Nigel was aware of some extraordinary exaltation of mind he could in no wise account for. With his colder intelligence he yet seemed incapable of resisting the belief that the conclusions of the reader of horoscopes were true, that his own path of life was in some momentous way linked up with that of Wallenstein, the idol of his professional admiration, and that now and here that part of his earthly path had begun.
"It seems," said Wallenstein, turning to Nigel, "that by all the rules of divination as practised by the learned doctors of these times, and in particular by Pietro Bramante, who has at divers times made notable experiments at the court of Vienna and elsewhere, you are one of those whose birth is fortunate, and that you are destined to cross my orbit at its zenith and its nadir, and to pass through the very centre of my intelligence for good or ill."
"You read aright, sir!" said Pietro. "It is beyond my power to say if for good or for ill."
"I would fain know," said Wallenstein, "if you are a good Catholic."
"I am!" said Nigel.
"And have no dealings with the Jesuits?"
"No! I have had no commerce with them at any time!"
"It is well!" said Wallenstein. "For the rest you are a soldier of fortune, and your greatest desire——"
"Is to become a trusted officer in your Grace's service, whenever it shall please the Emperor to recall you!" said Nigel heartily.

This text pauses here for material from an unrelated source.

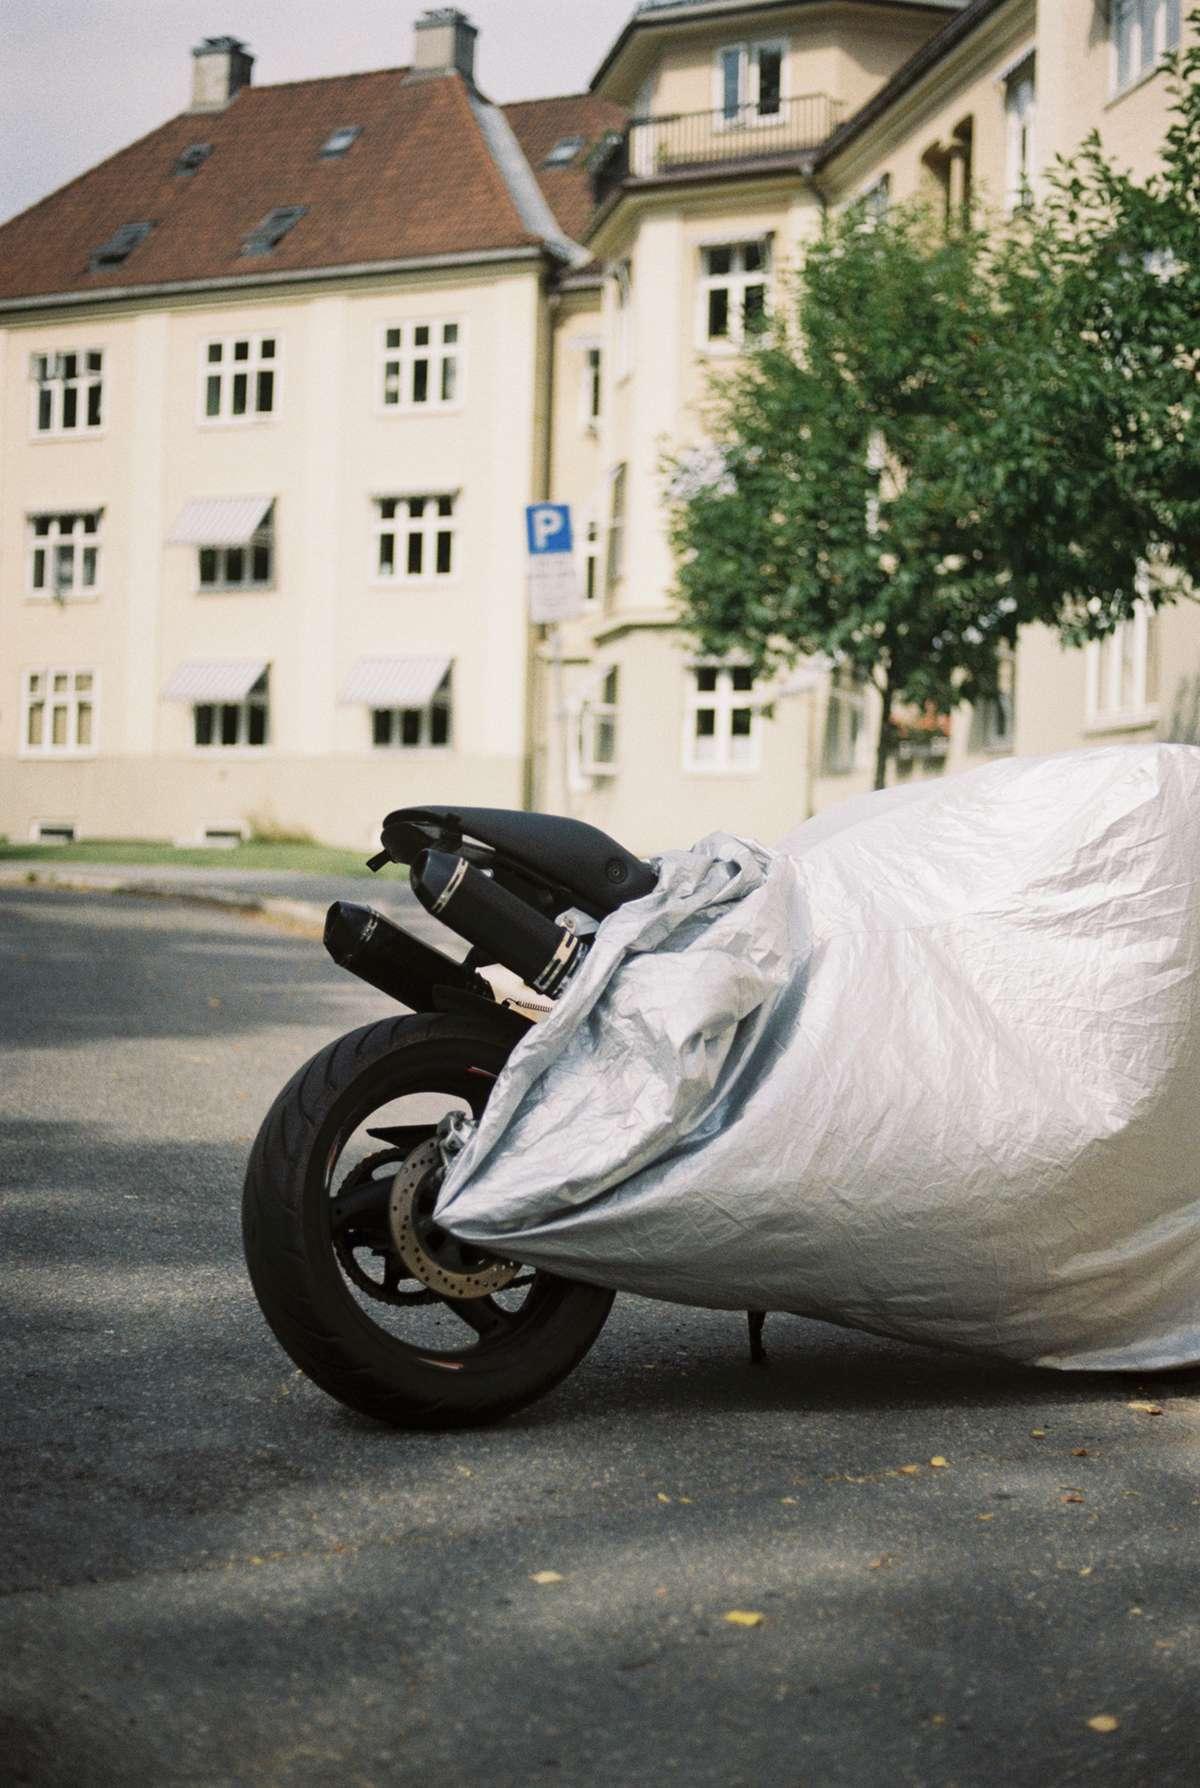 Motorsykkel uten registreringsnummer. Foto.

"Then let us read the presage as a fortunate one!" said Wallenstein, "and God speed the fulfilment of your desires! And now, most learned doctor, surely your powers of divination do not end here. You have spoken of some unknown lady or perchance some uncouth beldame, whom the stars have chosen to become a benign power in my life. Does not your art enable you to disclose at least her name? Tell me at least whether she is of a dark and melancholic disposition, or of a sanguine inclination."
Nigel could not tell from the dry passionless utterance of the speaker whether irony lay at the root of his tongue: but he was at least as eager as Wallenstein appeared to be indifferent as to the outcome. It was the difference between youth and maturity. If it had been permitted to look into the mind of that inscrutable man, one might have expected to find that on a stage where strode so many principal and, in their several parts, renowned actors, where war and high policy and ambition were the themes, Wallenstein should count as nothing the staying or speeding of his actions by any woman.
Pietro Bramante turned again to his lamp, which he relighted, and, drawing a curtain aside, the light fell upon a tall mirror of the height of a man set at such an angle that at the present it reflected nothing. At two paces from it he set a chafing-dish wherein burned glowing charcoal, and upon it sprinkled some powder from a little box of ebony; and from the dish rose up a white smoke of a sweet savour. And then Pietro recited some Latin verses, which to Nigel, unversed in such incantations, bore no meaning.